Currently, I am pre-training roberta with MLM from scratch by : 1. Training a tokenizer on my domain (all the texts that I have) 2. Masking 15% of the words (which are not special tokens) 3. Passing attention mask, labels and input_ids to a RobertaForMaskedLM. It has been training for a couple of hours and it seems OK.

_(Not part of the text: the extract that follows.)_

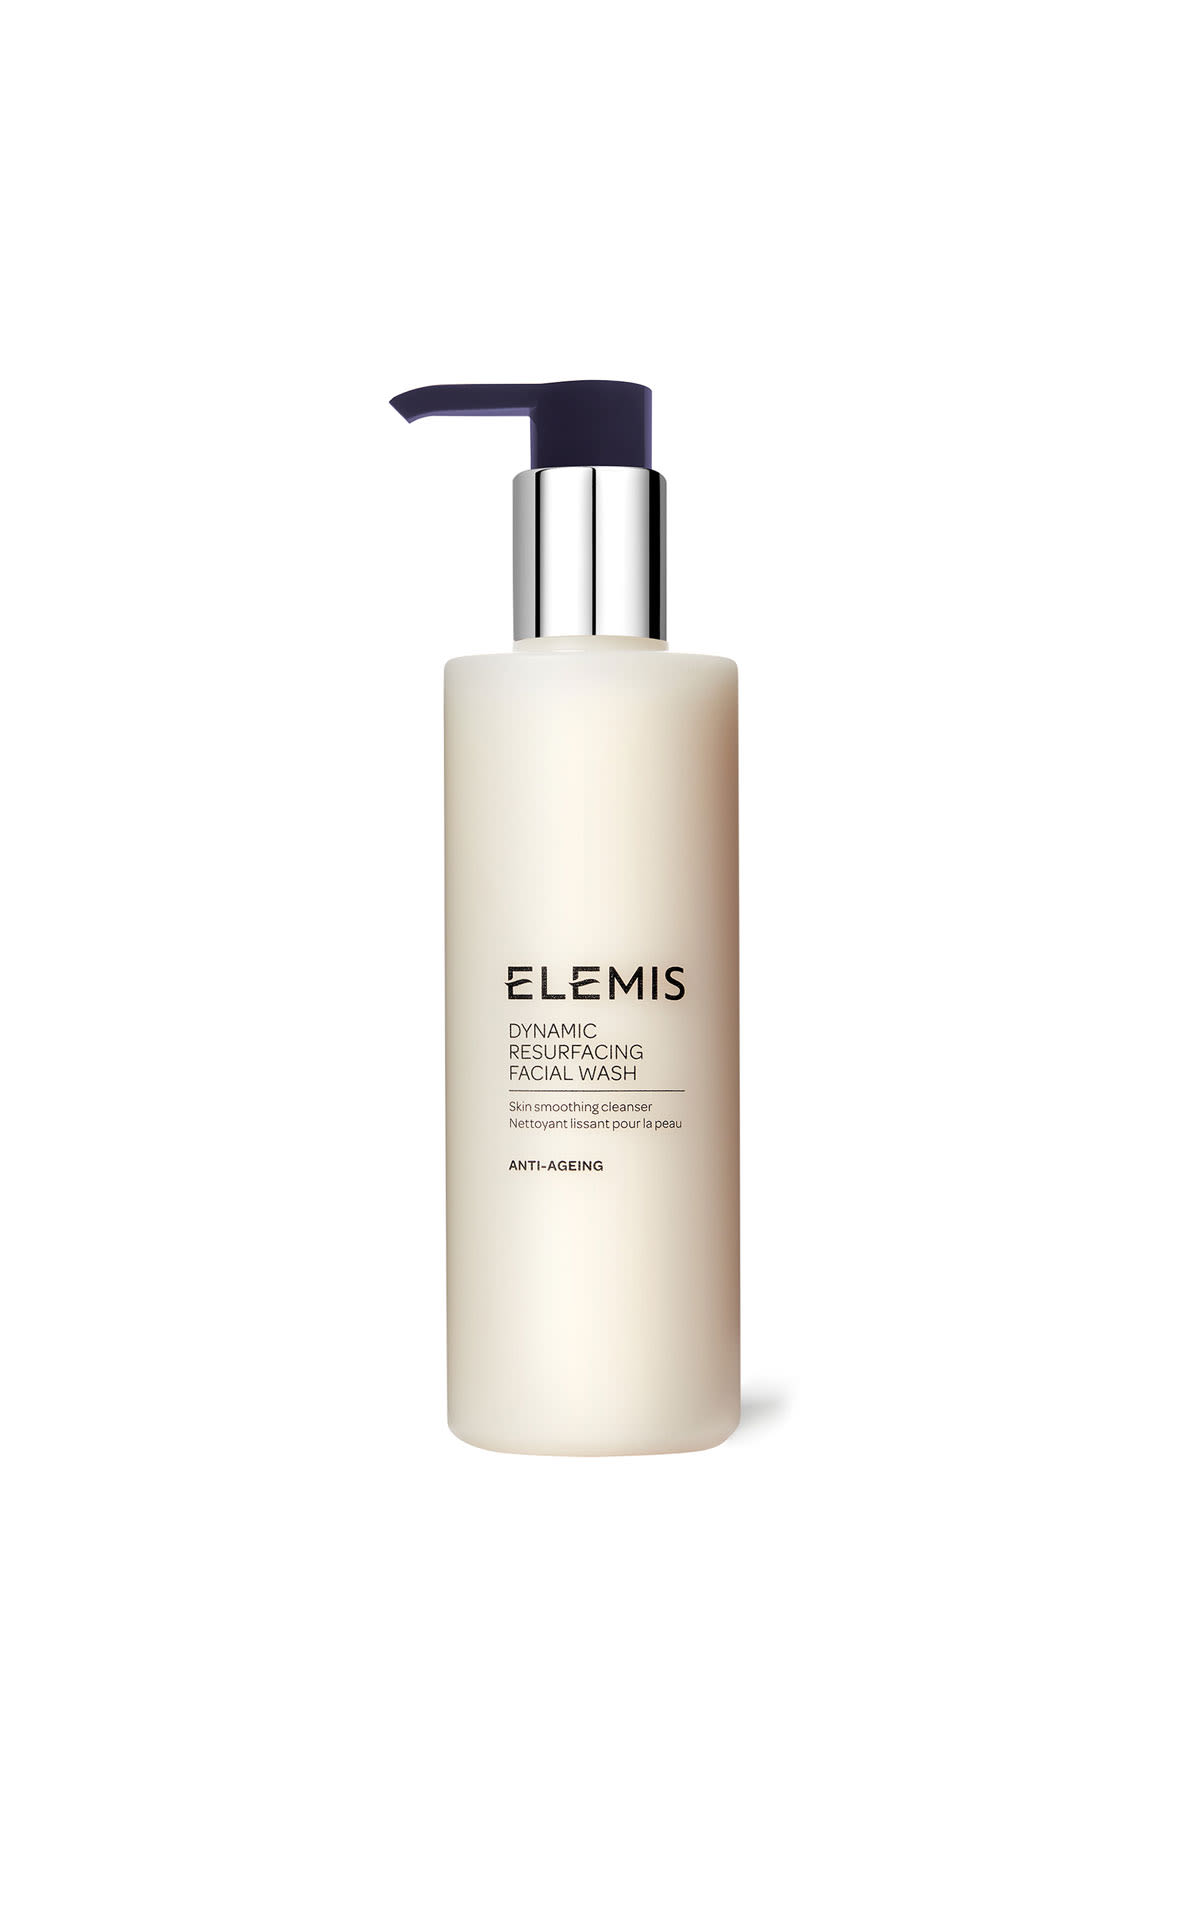 ELEMIS Dynamic resurfacing facial wash 200ml from Bicester Village

My questions are: because I have around 2GB of data (which is not much), my idea is to “further pre-train” the roberta model (just use RobertaForMaskedLM.from_pretrained(…)) , like a transfer-learning task. This seems smart, but catastrophic forgetting may occur, and what mostly concerns me is: I have created a entirely new tokenizer on my own data, but roberta originally has another tokenizer. If I want to further pre-train with a different tokenizer, this will totally confuse the model, since the old weights would be for different tokenizer, right? How can I approach the problem with further pre-training then?
My tokenizer code:
from pathlib import Path from tokenizers import ByteLevelBPETokenizer paths = [str(x) for x in Path('data').glob('*.txt')] tokenizer = ByteLevelBPETokenizer() tokenizer.train(files=paths, vocab_size=50_000, min_frequency=2, special_tokens=['<s>', '<pad>', '</s>', '<unk>', '<mask>']) tokenizer.save_model('CustomBertTokenizer')]